Но никогда, никогда даже печенка не предвещала ничего и отдаленно похожего на то, что произошло с собакой сейчас. И ведь она знала, чуяла беду, недаром при хозяйке был тот мерзко и грозно пахнувший человек, и обман, которым веяло от зова хозяйки, был куда хуже и опаснее обычного, в нем было слишком много собственного хозяйкиного страха. Как же это она поддалась? Как решилась положиться на хозяйку?
И вот теперь она сидела в очень маленьком помещении, сделанном из железной решетки, — и стены, и пол из решетки, и только крыша сплошная.
В соседних решетчатых помещениях скреблись, визжали и стонали разные незнакомые животные, крыша совсем не защищала, сквозь решетку летел дождь со снегом, мокрую собаку прохватывал ледяной ветер, она не знала, где и почему она находится и где хозяйка.
Но она и не ждала хозяйку.
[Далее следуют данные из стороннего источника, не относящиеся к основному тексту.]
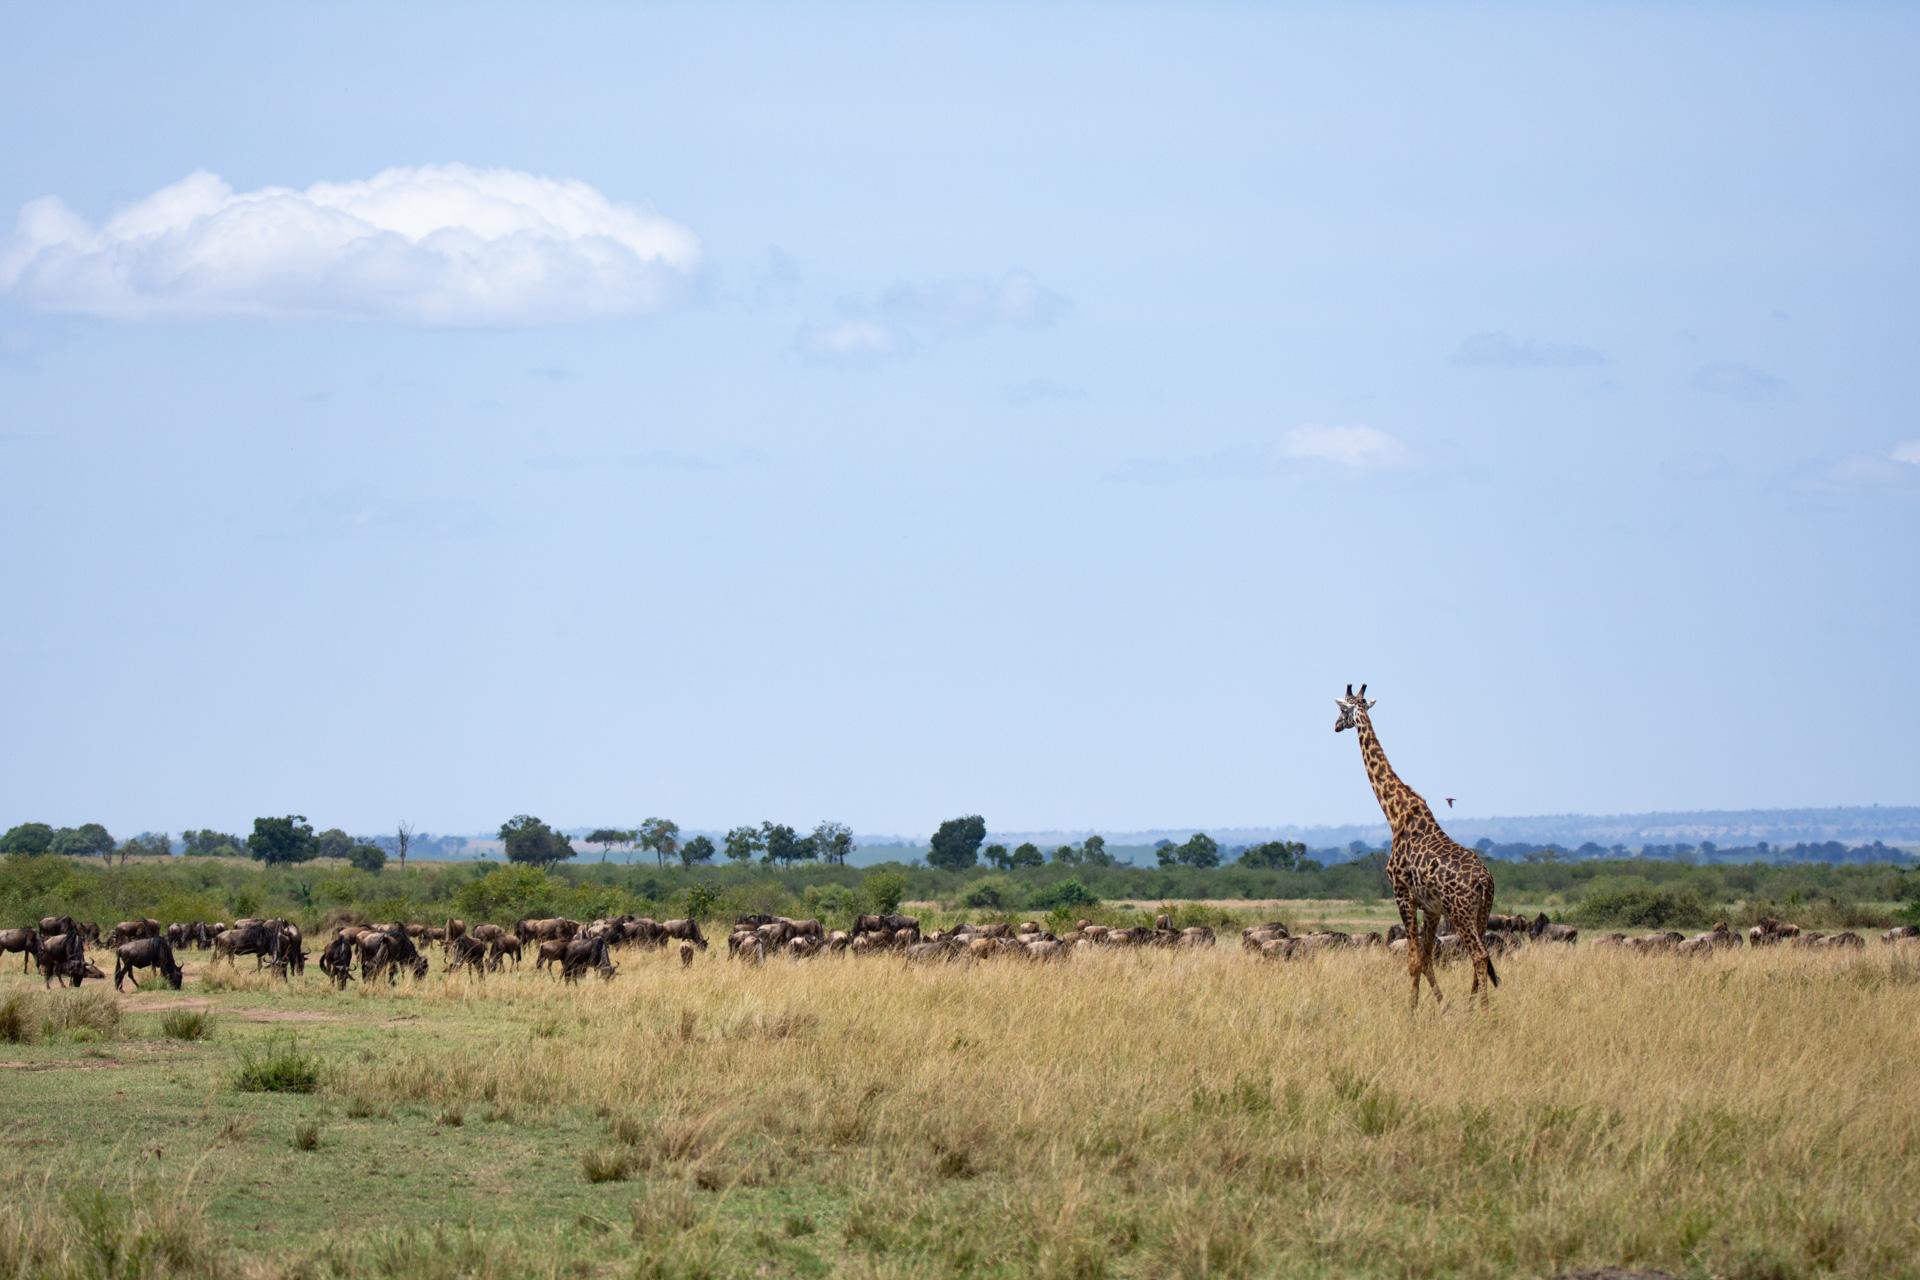 giraffe and wildebeests
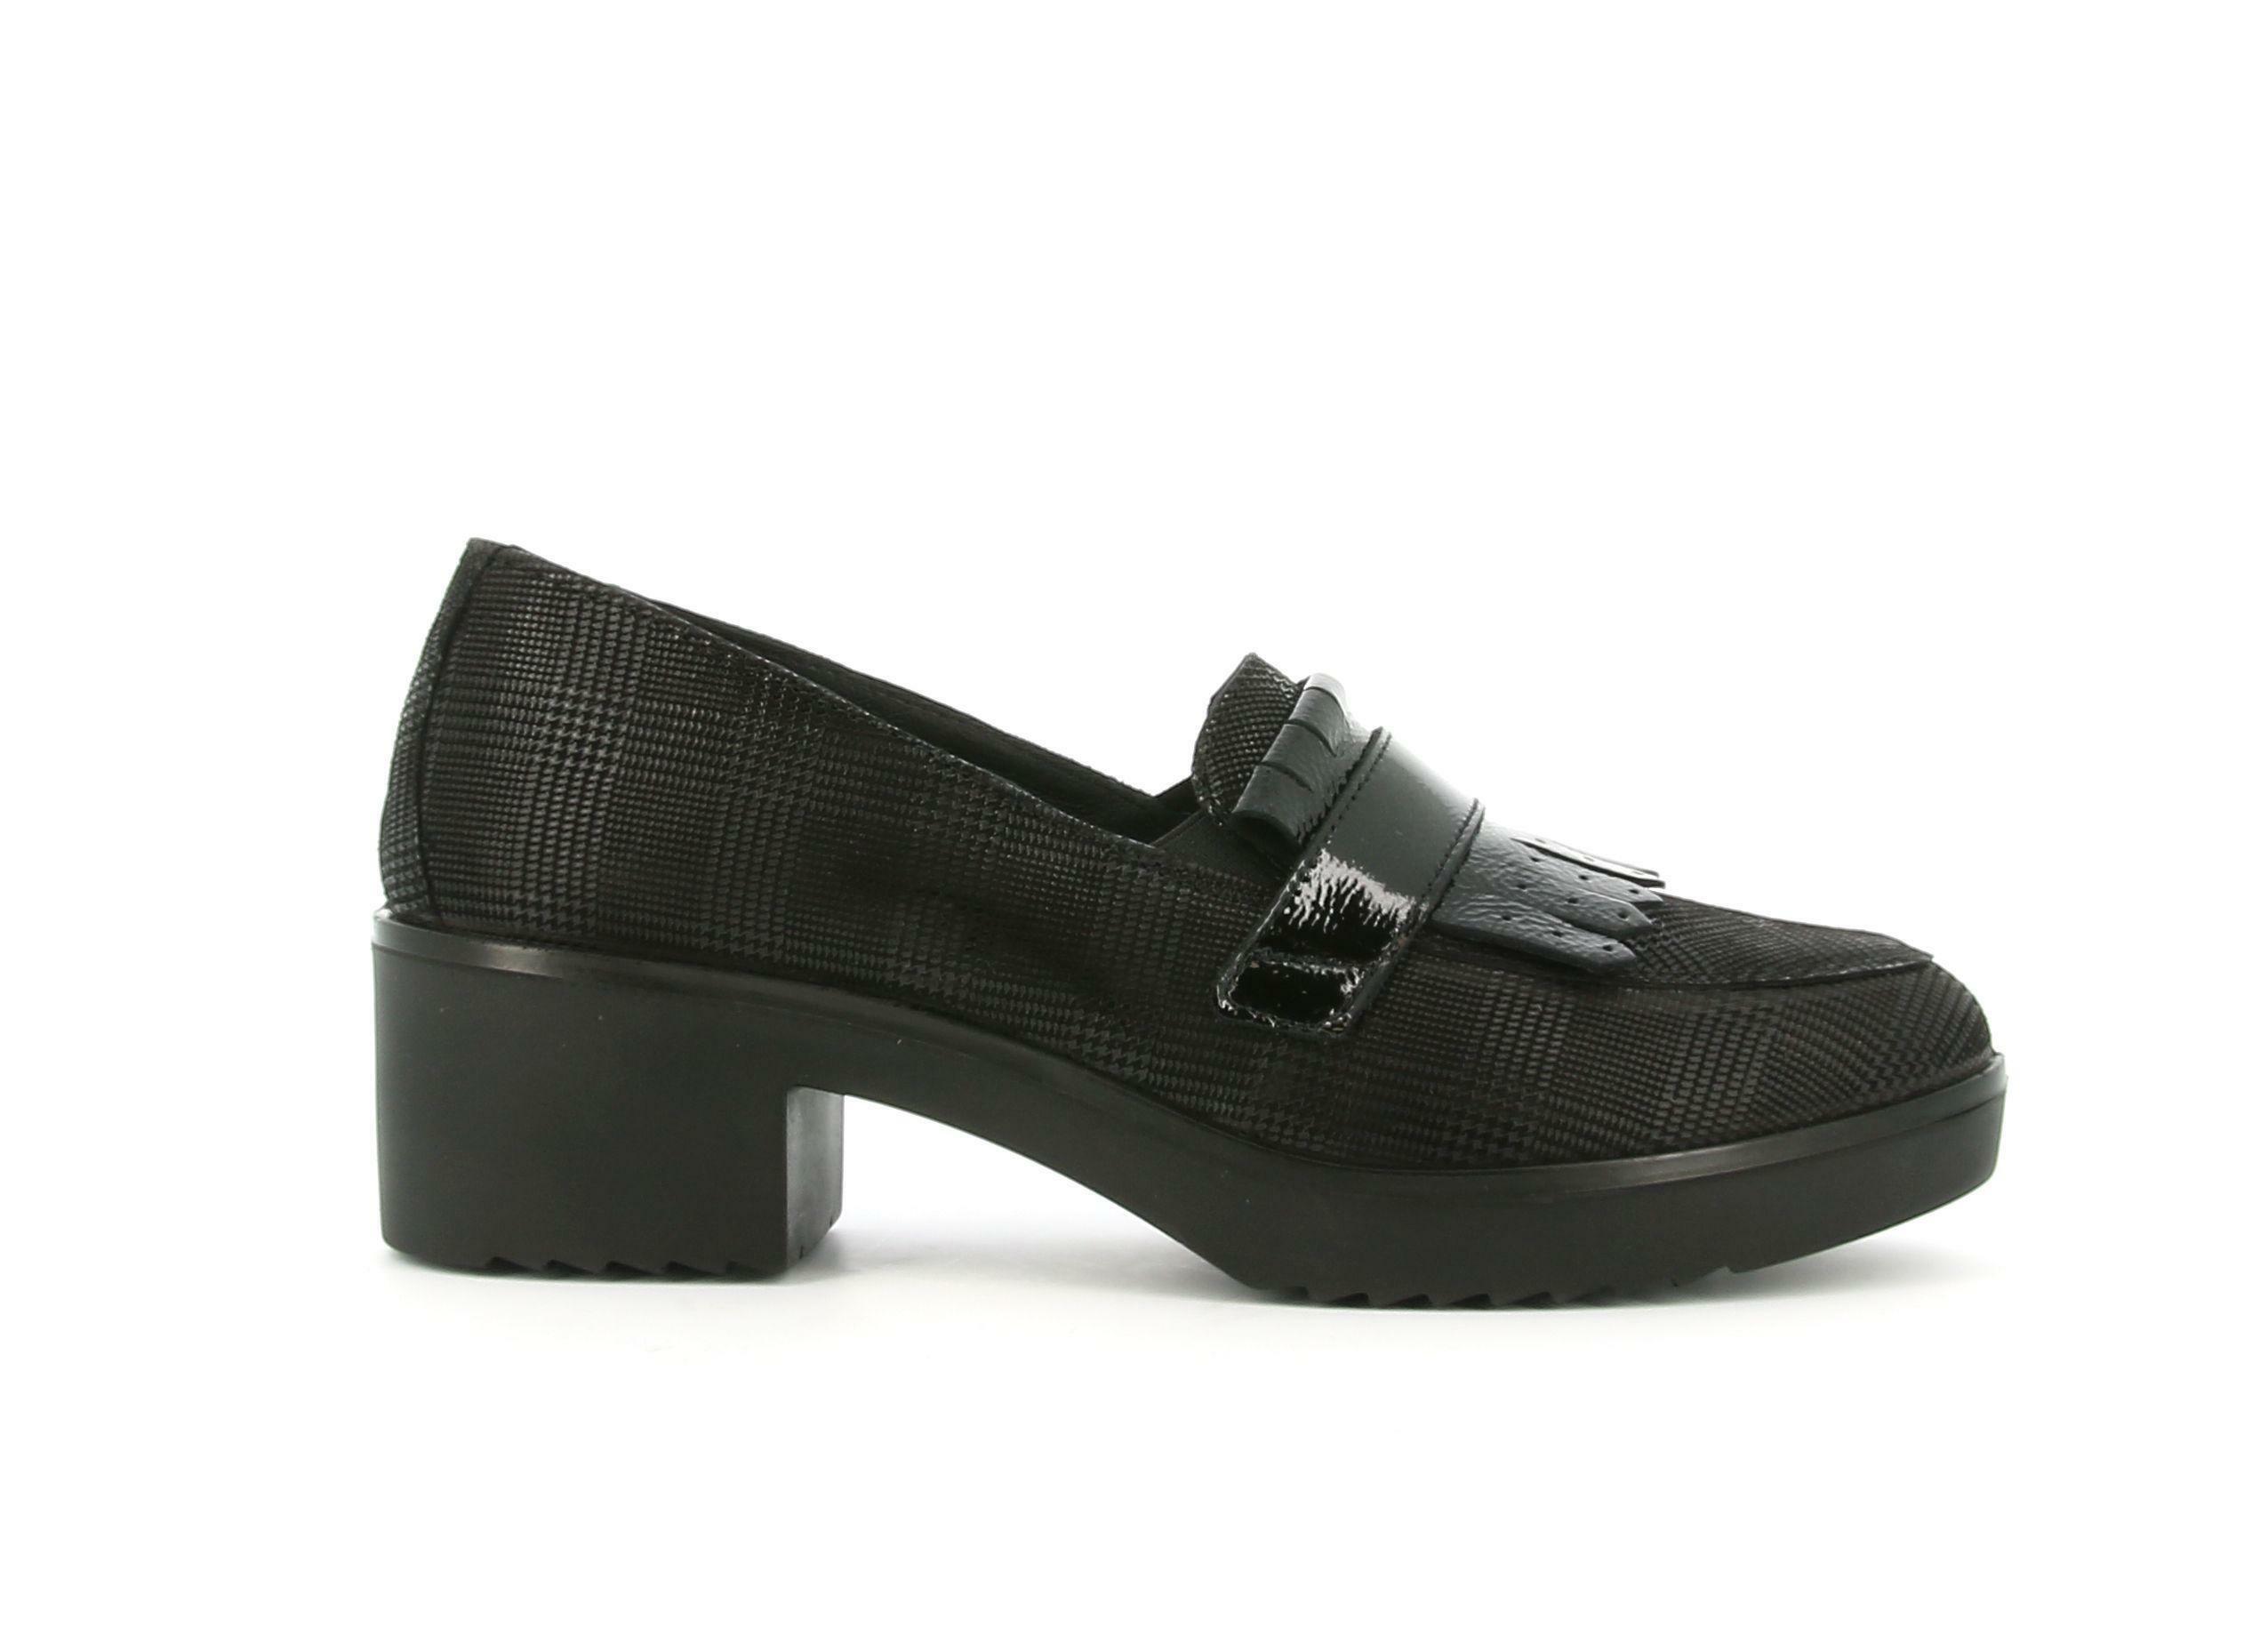 enval enval soft 6250100 nero mocassino donna

И не думала о ней. Она ждала одного — чтобы ее выпустили. Выпустили — даже не на волю, даже не домой, в сад, а хотя бы на минутку, хоть куда-нибудь, все равно куда, где можно сделать то, что должно время от времени делать каждое животное, которое ест пищу и пьет воду.
Прошло уже несколько дней, а собаку никуда не выпускали. Никто не дал ей понять, что можно и нужно делать все прямо здесь, что для того и пол из решетки, на котором так плохо и холодно лежать. Дважды в день приходил человек со шлангом и промывал этот и без того мокрый и чистый пол. Но в мозгу собаки прочно запечатлелось абсолютное табу — никогда не пачкать в своем или людском логове. То, что необходимо было ей сделать сейчас, делалось только на траве или на земле, так она знала всю свою жизнь, и теперь ждала и хотела только одного — чтобы ее выпустили на траву или на землю.
И когда хозяйка, пробравшись сквозь глубокую слякоть и бесконечные автомобильные заторы, пришла наконец навестить собаку, у собаки уже не оставалось сил на радость, она лишь тихим стоном попросила хозяйку вывести ее на минутку наружу.
Но хозяйка не поняла свою собаку. Она увидела мокрую дрожащую собаку, увидела лоток с нетронутой пищей и только охнула. Она стала говорить ласковые слова, гладила сквозь решетку опущенную голову собаки, обещала скоро-скоро забрать ее домой, просовывала сквозь прутья то вкусное, что принесла с собой, и уговаривала поесть хоть немного.
На все это собака отвечала слабым, умоляющим стоном.
Тогда я бросилась в контору: моя собака ничего не ест, здесь дождь и холод, я отдала вам здоровое животное, что вы с ней сделали, отпустите ее, но меня стали успокаивать: ничего ей не будет, такой холод собаке нипочем, а что грустная и есть не хочет, так они все здесь тоскуют, но признаков бешенства пока не наблюдается, правда, сперва она пыталась кусаться, но теперь притихла, еще пять-шесть дней — и пойдет домой. А сейчас никак нельзя. Закон.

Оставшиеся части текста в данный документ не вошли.